蘇玄坐在椅子上休息了很久,才好了很多。
竹雨不知道從哪裡端來一碗粥,給蘇玄喂下。
“吃點東西吧,再不吃東西,又要暈過去了。”竹雨說道。
竹雨貌似認識蘇玄很久了,她在蘇玄眼中看到過無數種神情。
甚至很多時候,蘇玄眉宇之間總是帶著一股子陰柔的氣息。
但她第一次從蘇玄通紅的雙眼中,看到了一絲陰沉。
徐三胖的死,對他的打擊確實很大。
畢竟是他的左膀右臂啊。
痛失一臂,其中痛苦,恐怕也隻有蘇玄一個人懂了。
“朝廷什麼說法?”蘇玄問道。
“朝廷貌似在等你上朝,再說三胖的事情,前幾日還沒說。”竹雨說道。
“此事有蹊蹺。”蘇玄說道。
“我也看出來了。”
蘇玄才剛剛恢複正常思考,但竹雨已經思考了三天了。
她現在站在蘇玄的立場,不得不去思考這些事情。
兩人對視一眼,竹雨說道:“明天你是一定要去早朝了,但是你千萬彆亂說話。”
蘇玄沉默。
竹雨接著說道:“三胖駐守在月湖西岸,月湖對麵的龍威軍沒有打過來,而泰山軍卻全部陣亡。隻有一點可能,他們渡湖作戰了。
可三胖不是擅作主張的人,他絕對不會貪功冒進。如果沒有你的命令,又或者說沒有朝廷的質疑,他絕對不會擅自渡湖的。”
蘇玄點頭,這一點跟他想的一模一樣。
“我曾想去見唐境澤,但是被攔了下來。所以現在我們壓
根就不知道對麵的龍威軍是什麼情況,而這一次三胖突然渡湖作戰,一定是被奸人陷害的!”蘇玄冷聲道。
徐三胖隻有可能死在湖對岸,不可能死在大炎境內。
若是龍威軍真打過來,哪怕徐三胖不是對手,月湖一岸還有韓瑜這名老將。
韓瑜手裡掌控五萬大軍,是江南兩地最強大的軍隊。
此人文人出身,卻又一身風骨,行事向來光明磊落,在江南享受極高的聲譽。
若是徐三胖遭受攻擊,他絕不可能坐視不理。
所以不難分析出來,徐三胖一定是受到了什麼人的指使,所以才渡湖作戰。
而徐三胖也不清楚湖對岸的情況,所以才葬送了泰山軍的大好前程。
“先帝仁義,能容忍我這等叛逆之人的子孫後代。
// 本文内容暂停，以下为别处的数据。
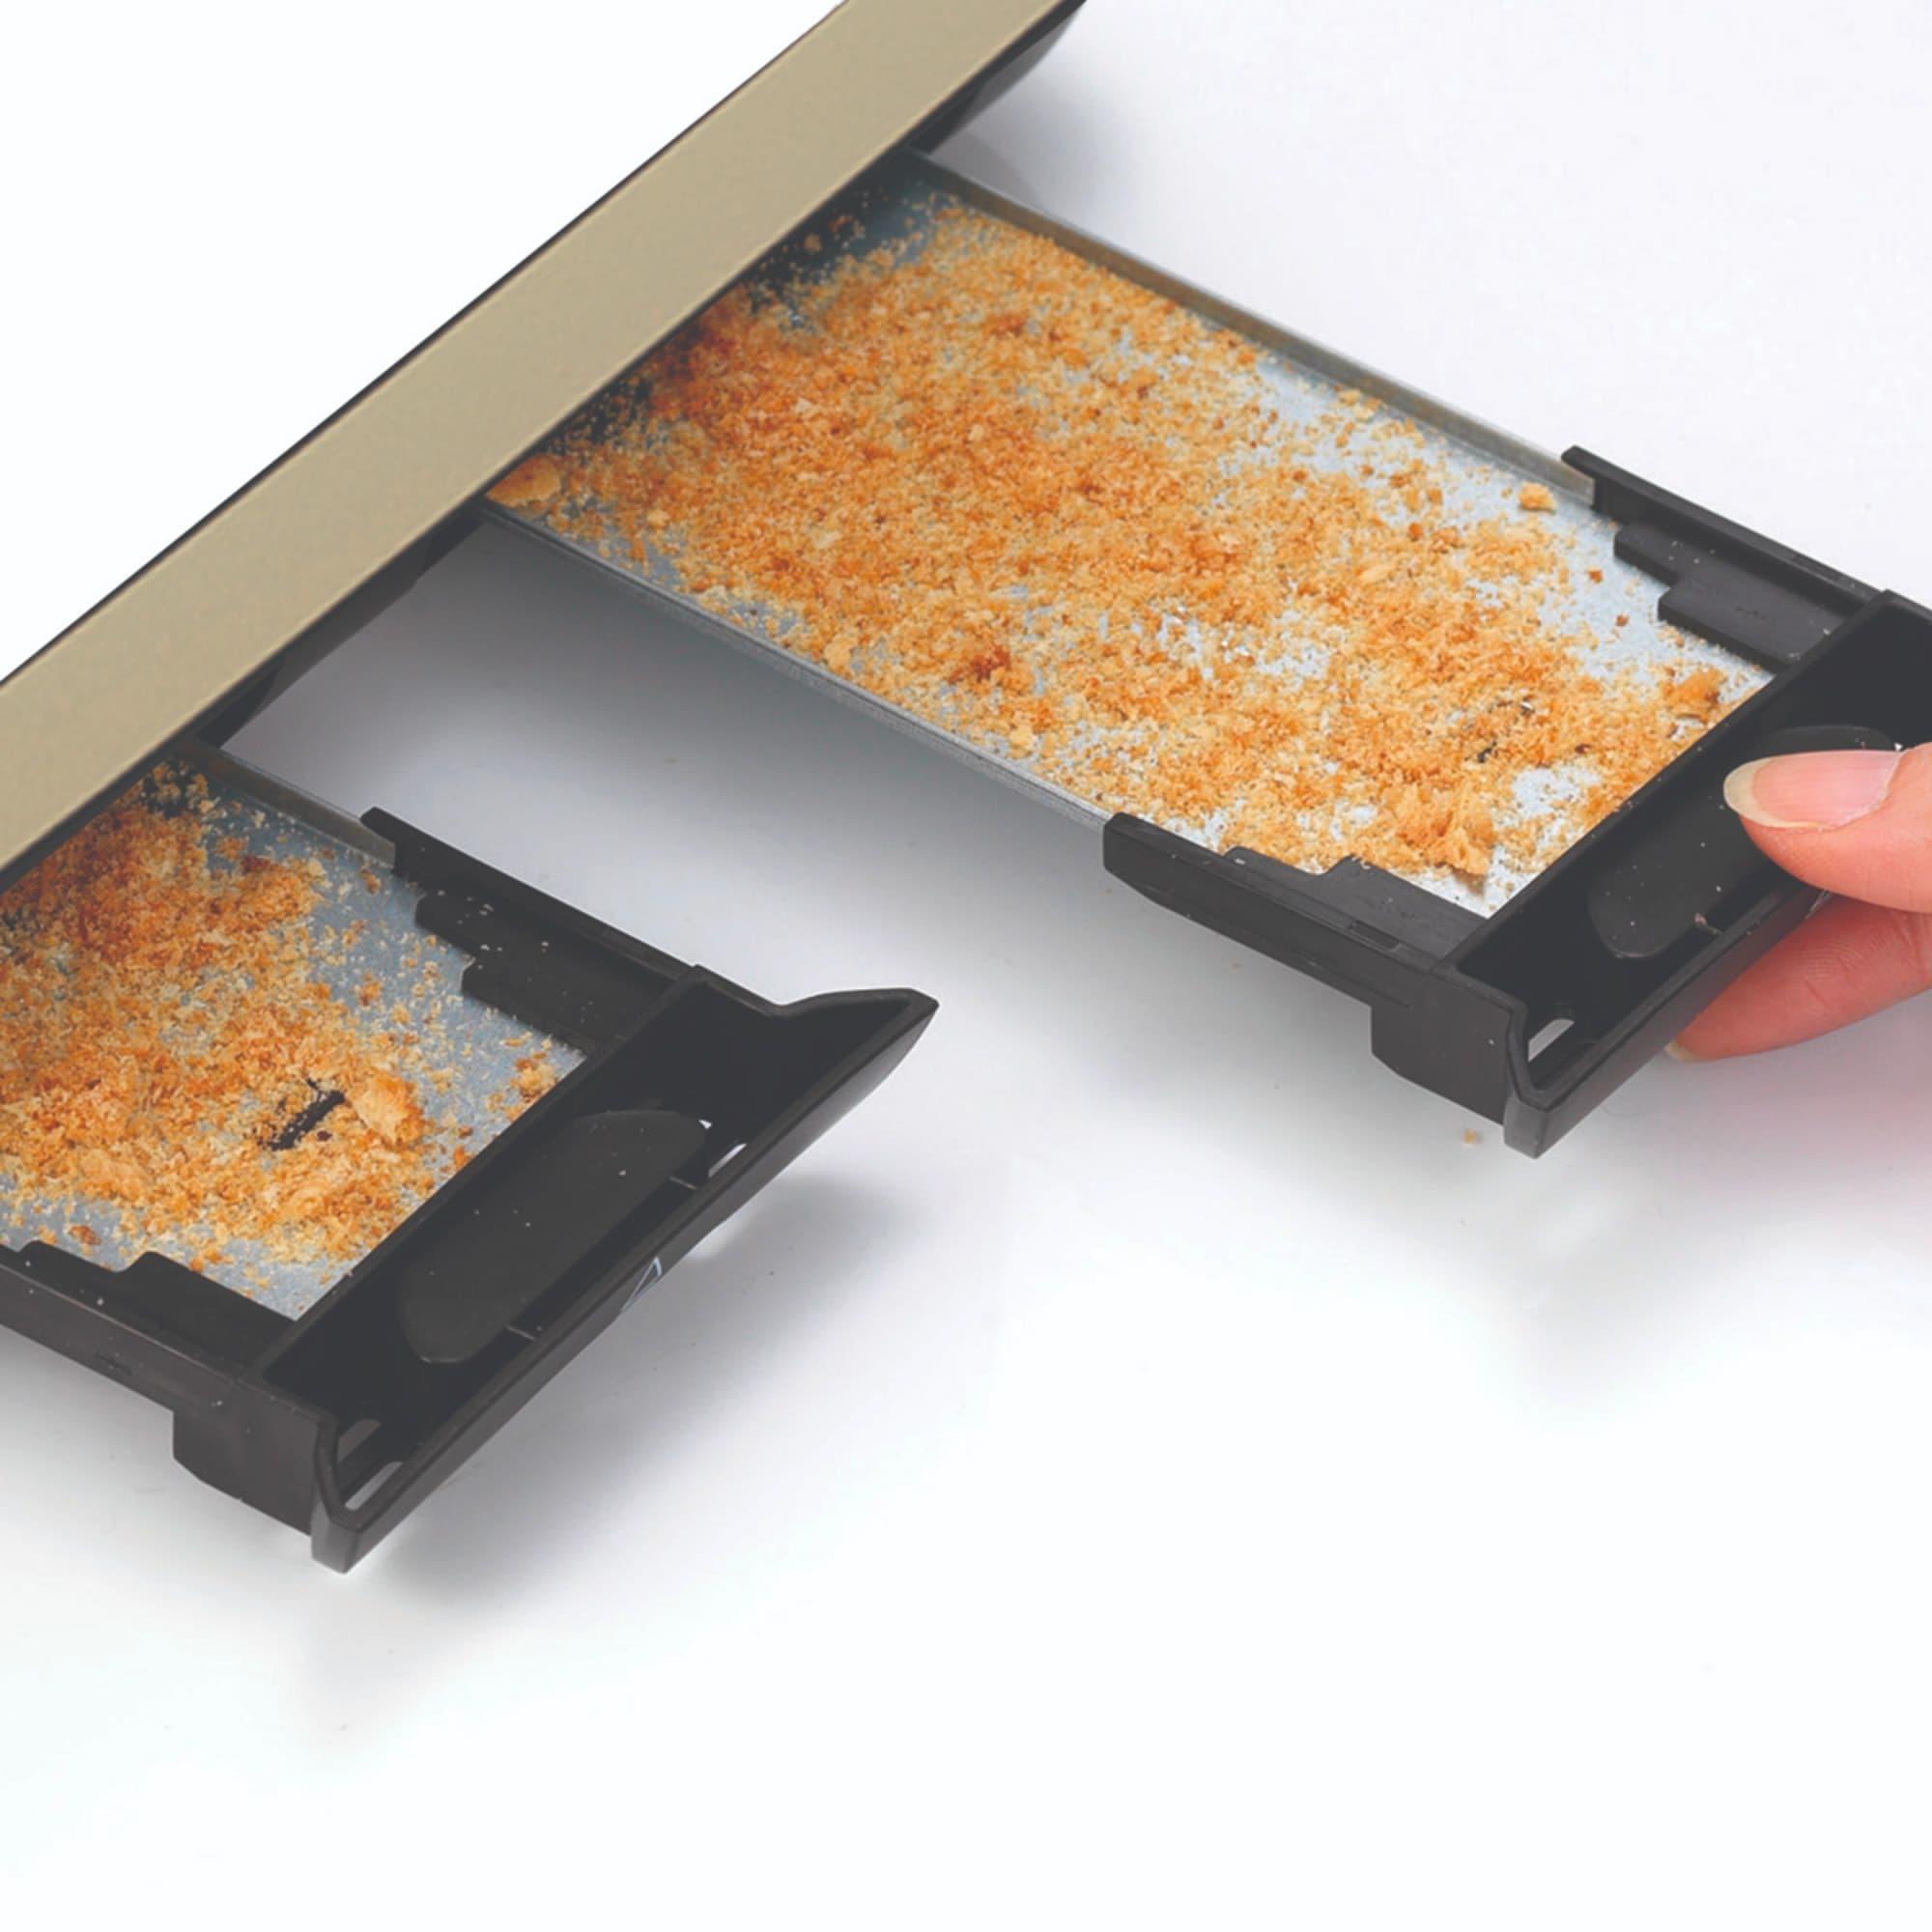 Morphy Richards Ascend Soft Gold 4 Slice Toaster White Image 4

可這大炎江山才有點起色,難不成就要奸臣當道,禍害了這江山,禍害了這萬民?”蘇玄冷聲道。
這時候,外麵有人進來傳話,說蕭靜寒來了。
竹雨扶著蘇玄起身,回到了大堂外,迎接蕭靜寒。
蕭靜寒走到蘇玄跟前停頓了一下。
她歎了口氣。
“注意自己的身體,明日來早朝。”蕭靜寒說完,走入靈堂,祭拜徐三胖。
大炎江山損失一員帥才,蕭靜寒的心情也是沉痛的。
這其中有蹊蹺,她也不是沒看出來。
蕭靜寒沒有多做停留,祭拜之後便離去。
之後便是靖公主來了。
靖公主見蘇玄臉色慘白,也沒說什麼,隻將一個盒子遞給了蘇玄,
完成祭拜之後,也就離去了。
次日,早朝。
應皇帝召,所有在京的文武百官,一律不得缺席。
蘇玄今天穿的非常正式,一身朝服,身姿筆挺,帶頭走入英武殿。
朝堂之上,氣氛稍顯壓抑。
隨著蕭靜寒落座,蘇玄打開一份祭文,開始宣讀。
這是關於徐三胖的祭文。
蕭靜寒之所以之前沒有說徐三胖的事情,就是等蘇玄來親自宣讀這份祭文。